普通数据搬运接口，适用于连续和不连续数据搬运：

通路：GM->VECIN, GM->A1, GM->B1

template <typename T>
void DataCopy(const LocalTensor<T>& dstLocal, const GlobalTensor<T>& srcGlobal, const DataCopyParams& intriParams);

通路：VECIN->VECOUT

template <typename T>
void DataCopy(const LocalTensor<T>& dstLocal, const LocalTensor <T>& srcLocal, const DataCopyParams& intriParams);

通路：VECOUT->GM, CO2->GM

template <typename T>
void DataCopy(const GlobalTensor <T>& dstGlobal, const LocalTensor <T>& srcLocal, const DataCopyParams& intriParams);

普通数据搬运接口，适用于连续数据搬运：

通路：GM->VECIN, GM->A1, GM->B1

template <typename T>
void DataCopy(const LocalTensor<T>& dstLocal, const GlobalTensor<T>& srcGlobal, const uint32_t calCount);

通路：VECIN->VECOUT

template <typename T>
void DataCopy(const LocalTensor<T>& dstLocal, const LocalTensor <T>& srcLocal, const uint32_t calCount);

通路：VECOUT->GM, CO2->GM

template <typename T>
void DataCopy(const GlobalTensor <T>& dstGlobal, const LocalTensor <T>& srcLocal, const uint32_t calCount);

增强数据搬运接口，相比于普通数据搬运接口，搬运时增加了随路计算：

通路：GM->VECIN, GM->A1, GM->B1

template <typename T>
__aicore__ inline void DataCopy(const LocalTensor<T>& dstLocal, const GlobalTensor<T>& srcGlobal, const DataCopyParams& intriParams, const DataCopyEnhancedParams& enhancedParams)

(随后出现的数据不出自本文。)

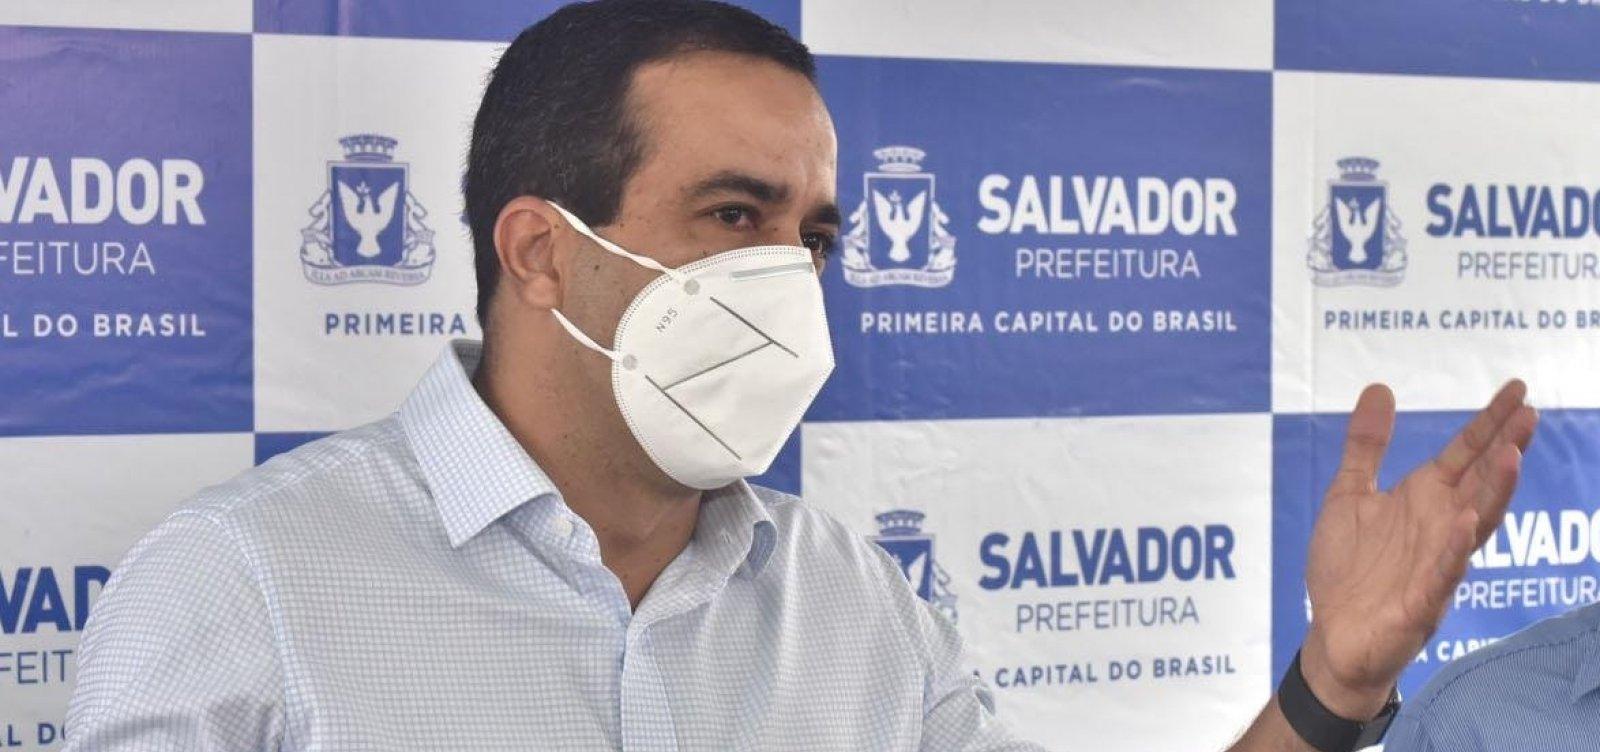 [Pesquisa aponta Bruno Reis com 52,1% das intenções de voto em Salvador]

通路：VECIN->VECOUT, CO1->CO2

template <typename T>
__aicore__ inline void DataCopy(const LocalTensor<T>& dstLocal, const LocalTensor<T>& srcLocal, const DataCopyParams& intriParams, const DataCopyEnhancedParams& enhancedParams)

通路：VECOUT->GM, CO2->GM

template <typename T>
__aicore__ inline void DataCopy(const GlobalTensor<T>& dstGlobal, const LocalTensor<T>& srcLocal, const DataCopyParams& intriParams, const DataCopyEnhancedParams& enhancedParams)

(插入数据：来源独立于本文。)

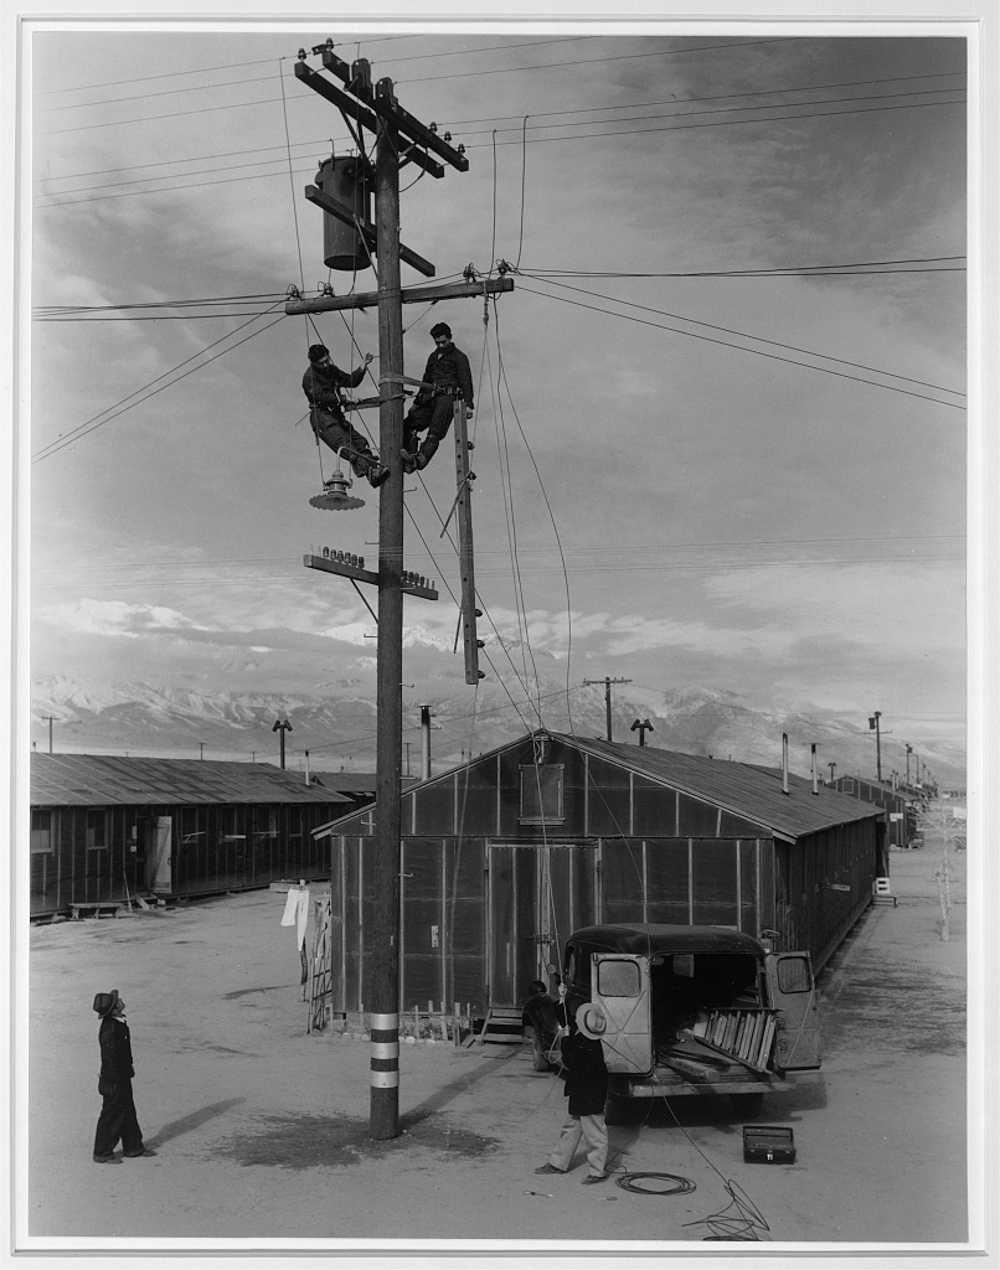 Line crew at work in Manzanar, Manzanar Relocation Center, Manzanar, California

切片数据搬运，主要适用于非连续vector数据搬运：

通路：GM->VECIN

template <typename T>
void DataCopy(const LocalTensor<T> &dstLocal, const GlobalTensor<T> &srcGlobal, const SliceInfo dstSliceInfo[], const SliceInfo srcSliceInfo[], const uint32_t dimValue = 1)

通路：VECOUT->GM, CO2->GM

template <typename T>
void DataCopy(const GlobalTensor<T> &dstGlobal, const LocalTensor<T> &srcLocal, const SliceInfo dstSliceInfo[], const SliceInfo srcSliceInfo[], const uint32_t dimValue = 1)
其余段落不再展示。